# Could anyone with the Fire HD6 please check compatibility for me?



## Seleya (Feb 25, 2011)

I've been thinking about ordering the HD6 as an on-the-go device but before doing it I'd like to be sure I'll be able to use it as my primary Chinese dictionary.

Could anyone be so kind as to check for me whether the Pleco Chinese Dictionary http://www.amazon.com/gp/product/B00BJ98T40/ref=oh_aui_d_detailpage_o04_?ie=UTF8&psc=1 shows as compatible with your HD6?

Thank you!


----------



## Tabatha (Oct 4, 2009)

When I click your link, the only device in my library it shows as compatible with is the Fire HD 6. I have several Galaxy's and Fire 1, but none are shown as compatible. There are also 54 5* reviews so I'd say you are good to go for a purchase. The app is listed as free.


----------



## Seleya (Feb 25, 2011)

Thank you so much, Tabatha!
I already have the app, and it's really a fantastic dictionary.
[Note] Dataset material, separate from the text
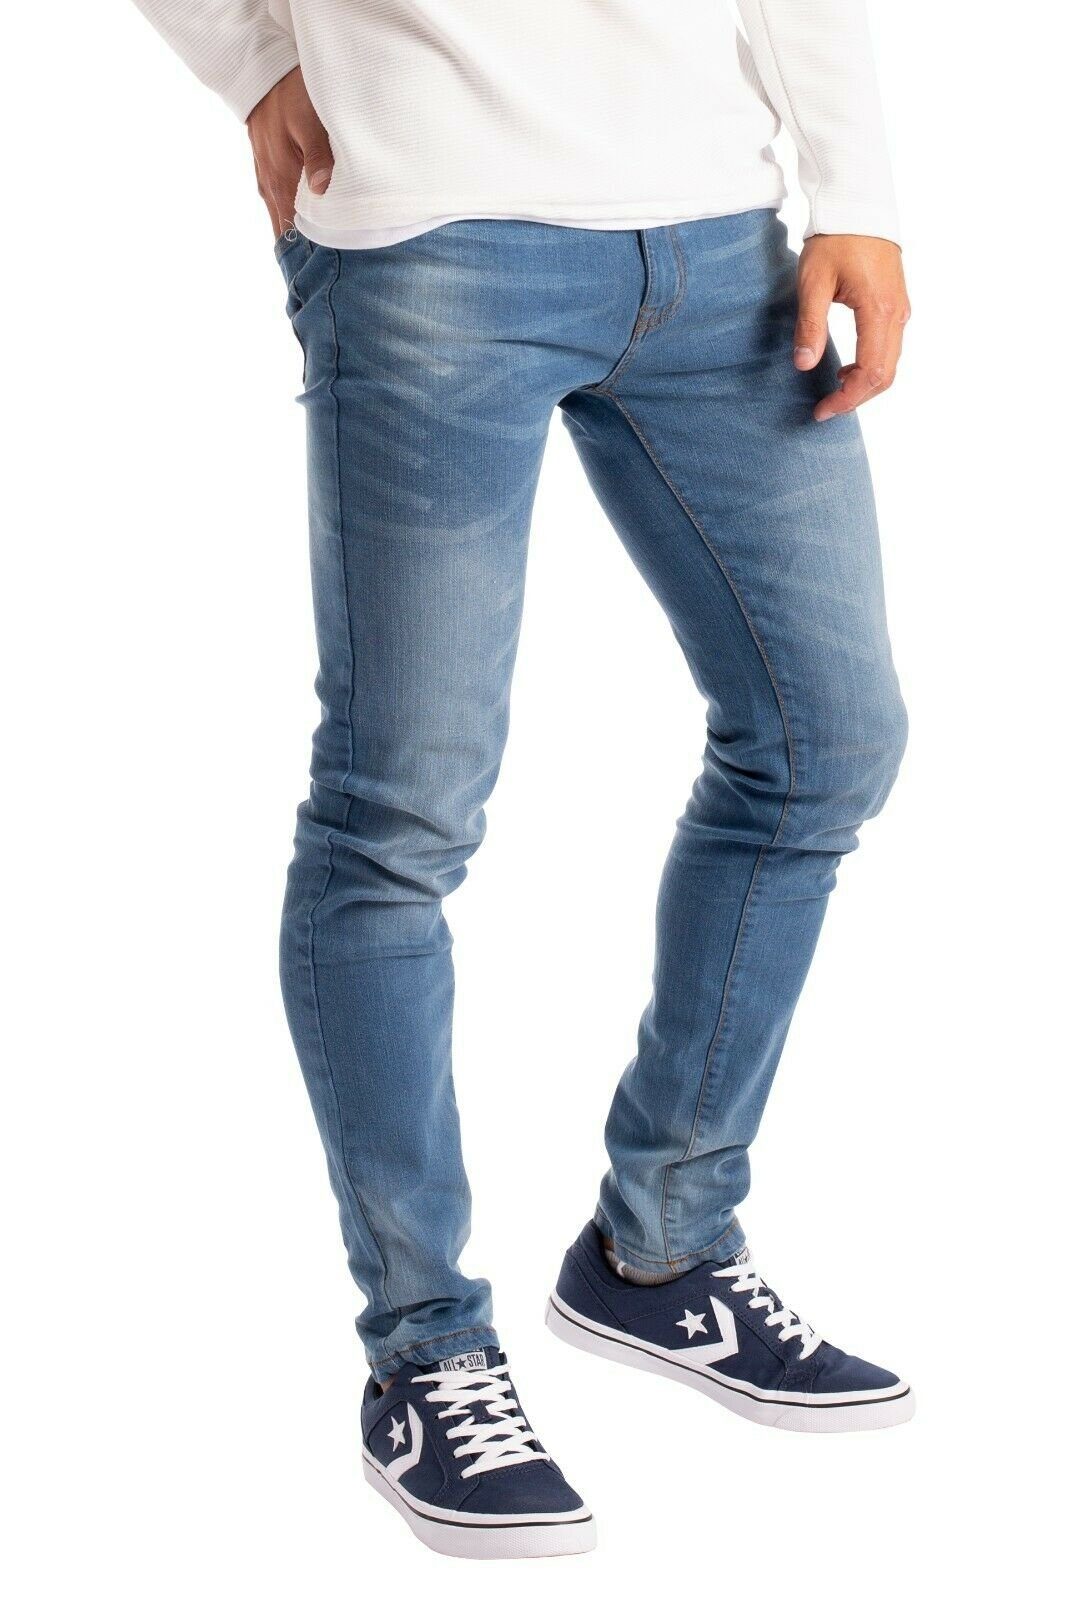 BlauerHafen Slim-fit-Jeans Herren Slim Fit Jeanshose Stretch Designer Hose  Super Flex Denim Pants Alle Größen von 28-40, erhältlich 30, 32 & 34  Beinlänge, 98% Baumwolle, 2% Stretch, 2 Seitentaschen, 2 Gesäßtaschen und 1  vordere Münztasche
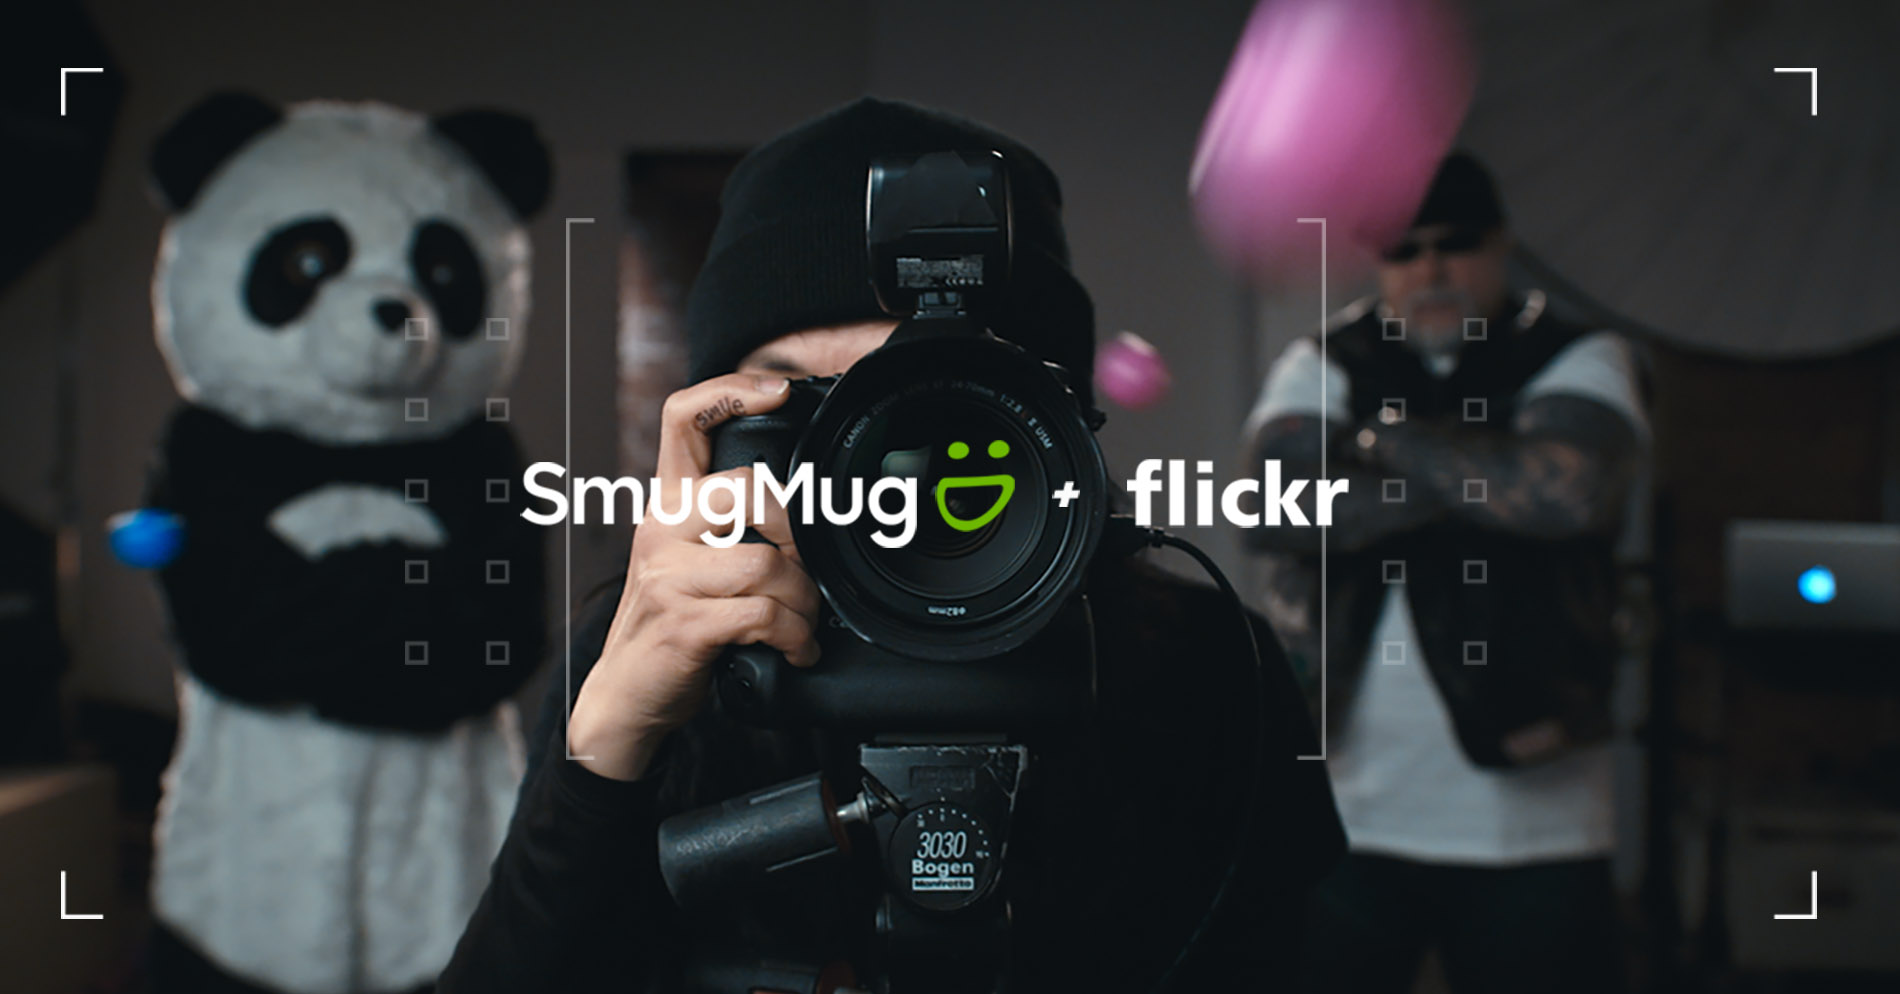 Flickr joins SmugMug

I wanted to be sure I could use it on the HD6 before ordering the tablet.


----------



## Dragle (Dec 10, 2011)

I have that app and the HD 6 too--it shows compatible.  I haven't dl'd it to the 6 yet--have been using it on my HD8.9.  What I love the most about it is that you can look up any character/word by writing it on the screen!


----------